Eighteen and older. It rolls off the tongue, doesn’t it? You’re old enough to vote for Obama and drive a tank through Basra. But when it comes to concert going, what’s so magical about this number? As it turns out, nothing.
TOC reader Tom Ledford brought this little-known fact to our attention in March in his response to a story in our Local Music Issue on the recent spate of all-ages venues: “The premise of 18-and-older shows is to allow adults who are still below the drinking age to enjoy quality music,” he writes. “18-and-older shows, in comparison to all-ages shows, often occur later at night due to curfew law. However, a commonly ignored fact of [curfew law] is that it only applies to those 16 and under, and thus 17-year-olds are exempt. So I raise the question: Why are 18-and-older shows not 17-and-older shows?”
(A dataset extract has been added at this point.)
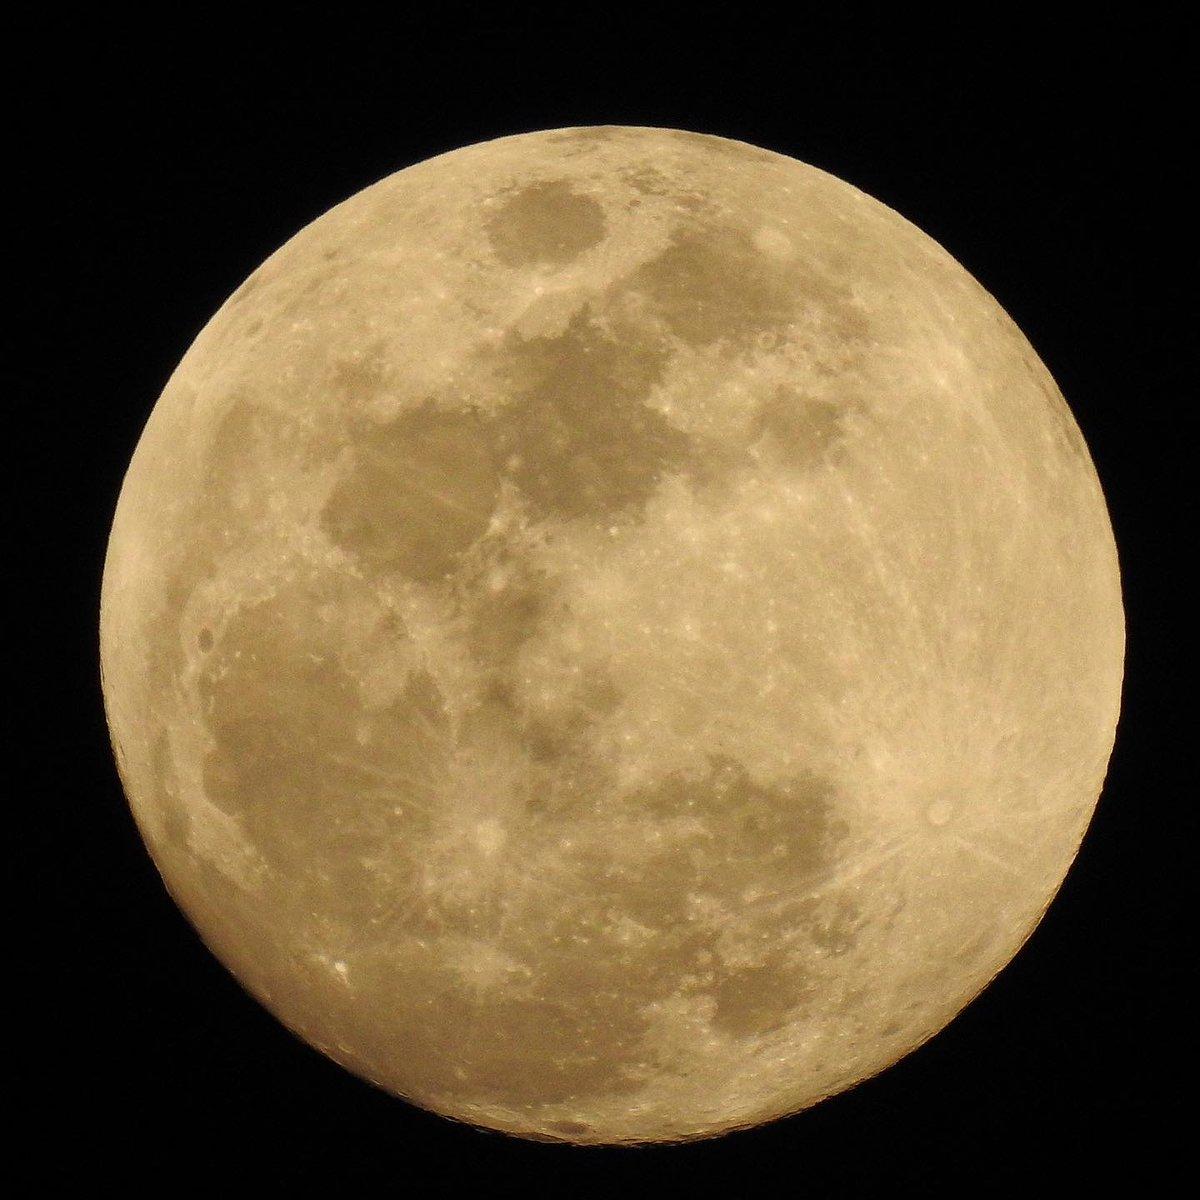 Bulannya cantik banget malam ini, ya. https://t.co/8JxLyNyO1b
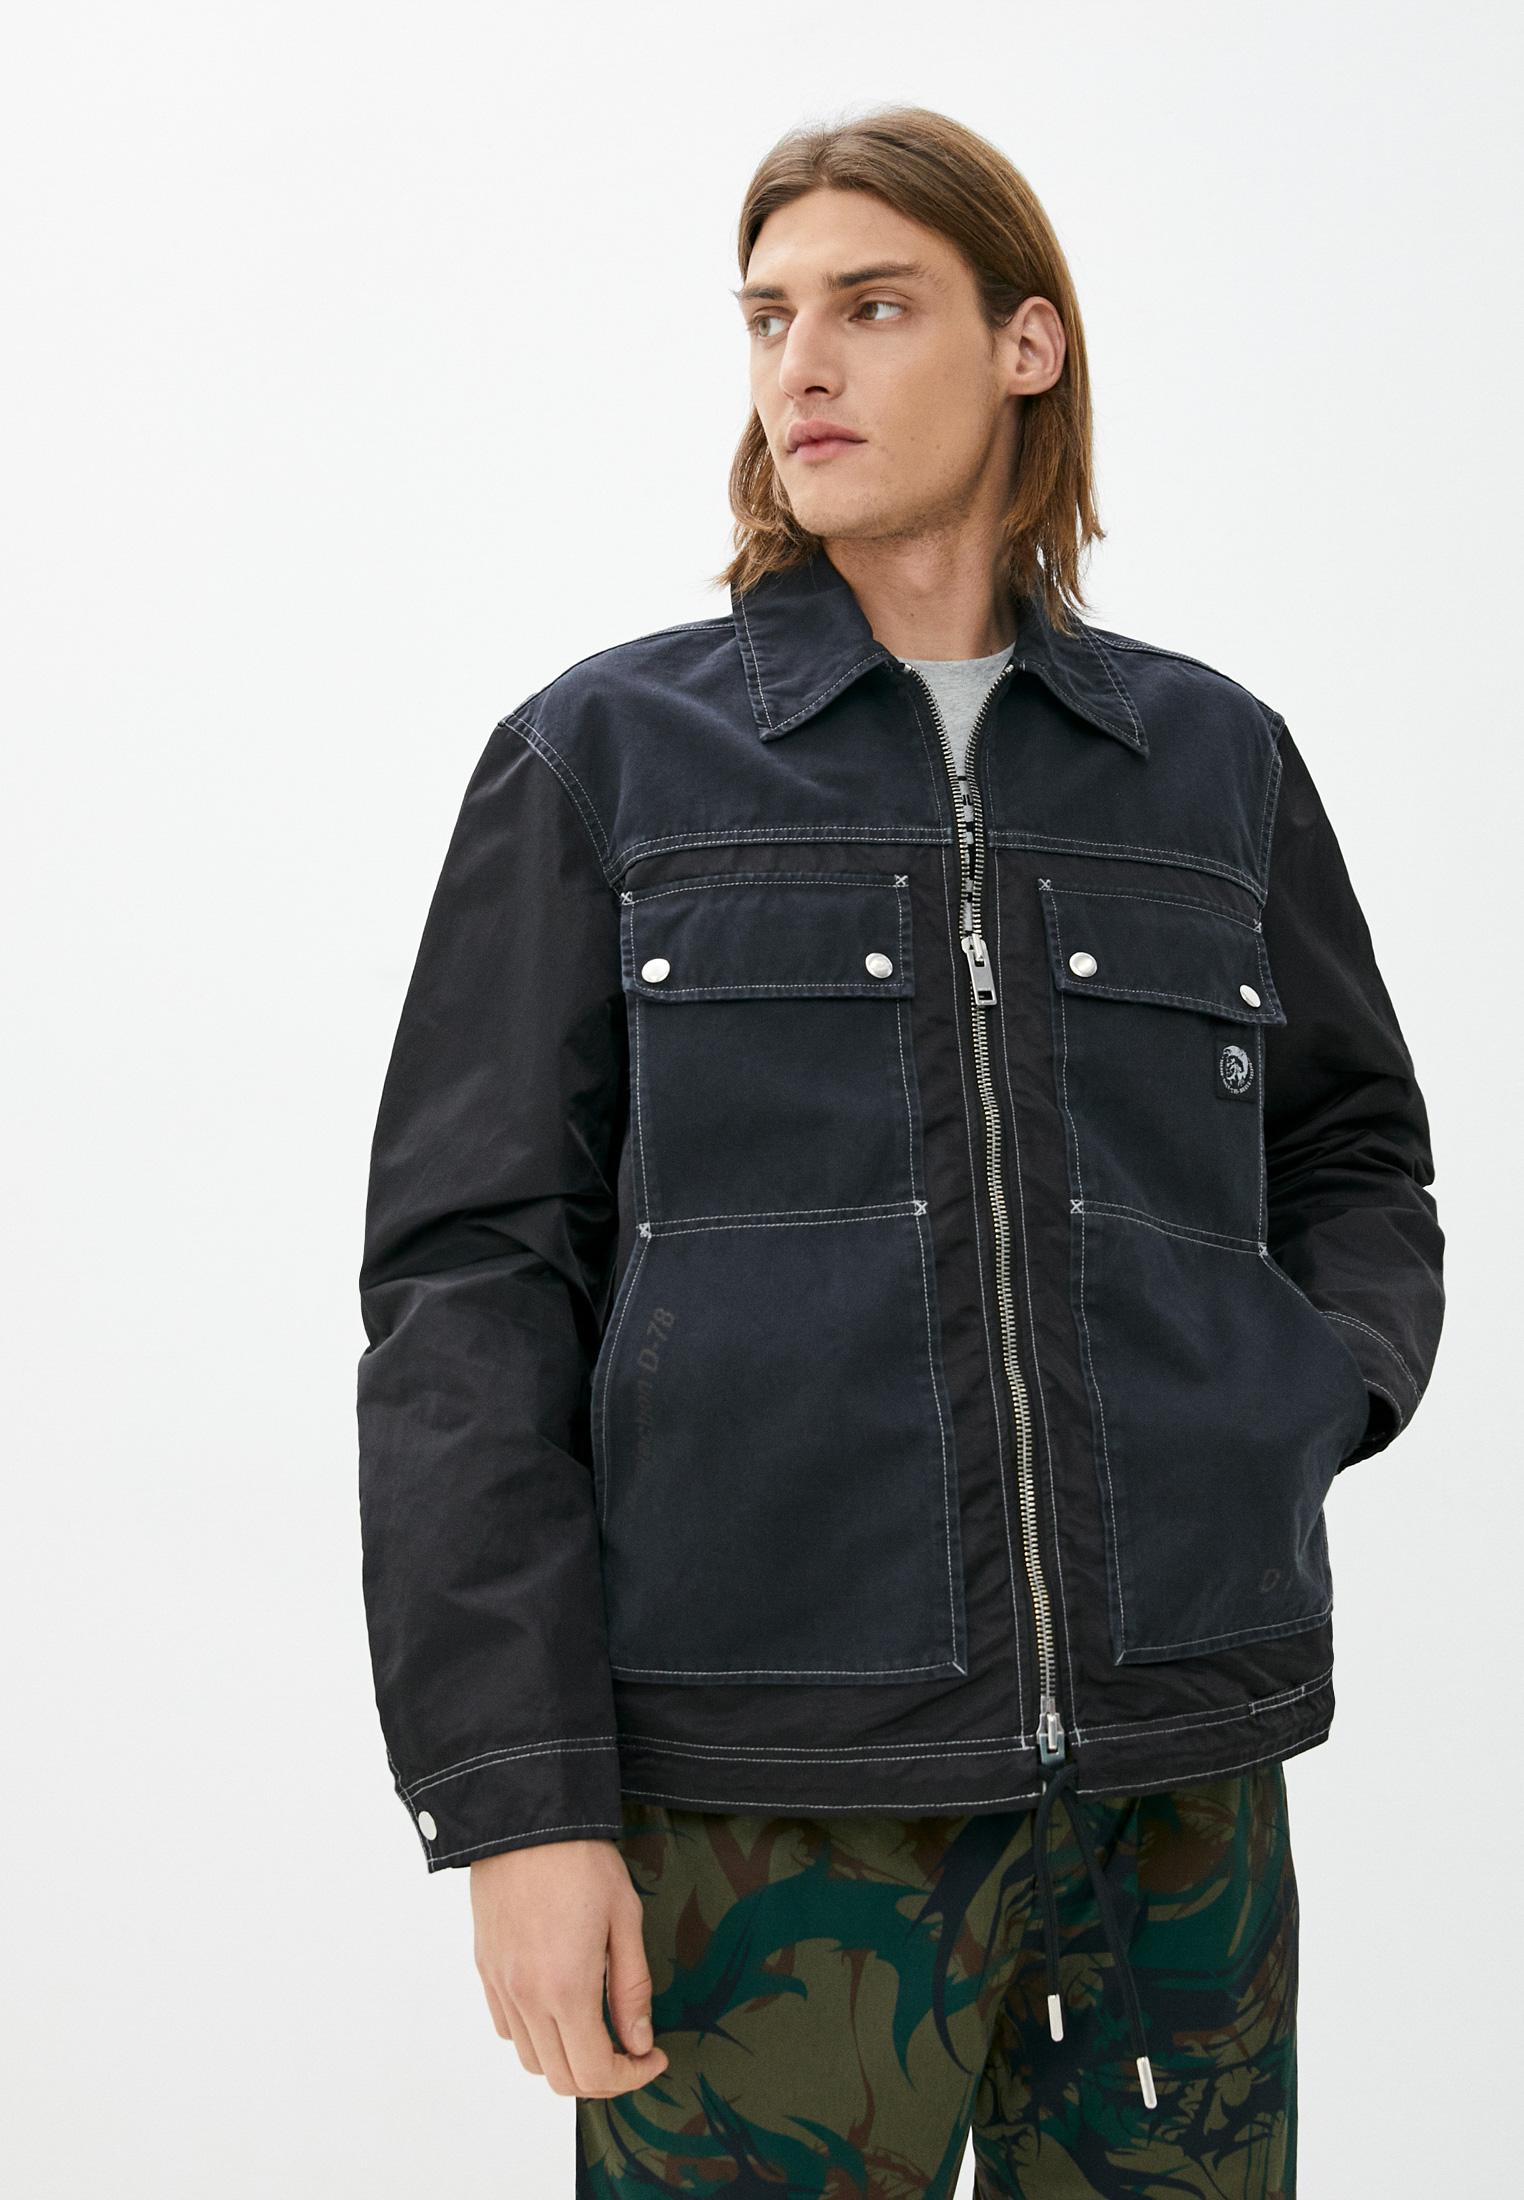 Джинсовая куртка Diesel (Дизель) Куртка джинсовая Diesel

According to city officials, Ledford’s right: Seventeen is the great forgotten age. But considering how many 18-and-older shows happen every week in Chicago—as well as New York, Los Angeles and Atlanta—we wondered if local venue owners were aware of the rule as well.
Don MacEachron, general manager of the South Loop’s Reggie’s Rock Club, lowered the bar of entry for 18-and-older shows to 17 only a few weeks ago and appears to be the first in the city to do so, though the Beat Kitchen and Subterranean quickly followed suit. But his reason for adjusting the age was not an epiphany about the need for teenage cultural immersion—he simply checked the books. On March 22, the city moved up curfew times from 10:30pm to 10pm (Sunday through Thursday) and 11:30pm to 11pm (Friday and Saturday) and issued a notice reminding venue owners of the law. “Once that curfew law came to light and I saw that it only applied to 16-year-olds, I decided to make the change,” MacEachron says. “Why not let those kids in?”
Oddly enough, according to Efrat Stein, spokeswoman for the city’s Department of Business Affairs and Licensing, the law has always said that. “Venues should allow 17-year-olds in to 18-and-older shows,” says Stein. “There’s no reason why 17-year-olds should be discriminated against.” Stein points out that the admission restriction might have once made sense because tobacco law forbids under-18s from purchasing cigarettes. That would explain the enforcement at least up to January 1, 2008. “Today,” Stein continues, “you can’t smoke indoors anyway.”
Over at the House of Blues, another longtime enforcer of the 18-and-older edict, our inquiries were met with surprise. “First, I’d want to talk to our legal team,” says Michael Yerke, vice president of Midwest booking for House of Blues. “But if legally we could do it, I don’t see why we wouldn’t adhere to it.” Yerke explains there was no plot to keep the 17-year-olds out. “It’s just always the way it was; that’s what our legal people advised us to do. But if this is true, I can’t think of a good reason why we wouldn’t [let them in] now.”
Not all venues want to change their age policy, even though they can. Schubas music booker Matt Rucins points out that his venue is well within its rights to keep out certain ages on a per-show basis. “We deem 18-year-olds as being able to vote and serve our country, and so we see them as more mature,” he says. “And because they’re out of high school, we also see them as responsible adults.”
What’s clear is that 17 is a transitional period, with one’s playlist somewhere between Fall Out Boy and Fleet Foxes. One venue representative who asked not to be named says the technicalities of the law are meaningless because the police don’t want to see 17-year-olds out late at night. “You’re not yet an adult in the eyes of society but even for misdemeanors, you’re still tried as an adult,” acknowledges Sgt. Dennis Vale, whose beat includes the club-heavy Lakeview district of Schubas and Metro. When parents call the police to bring home a 17-year-old, Vale says, the police invariably “will take action.” Even though those kids have every legal right to be out? “Yeah,” Vale admits. “Seventeen is a weird age.”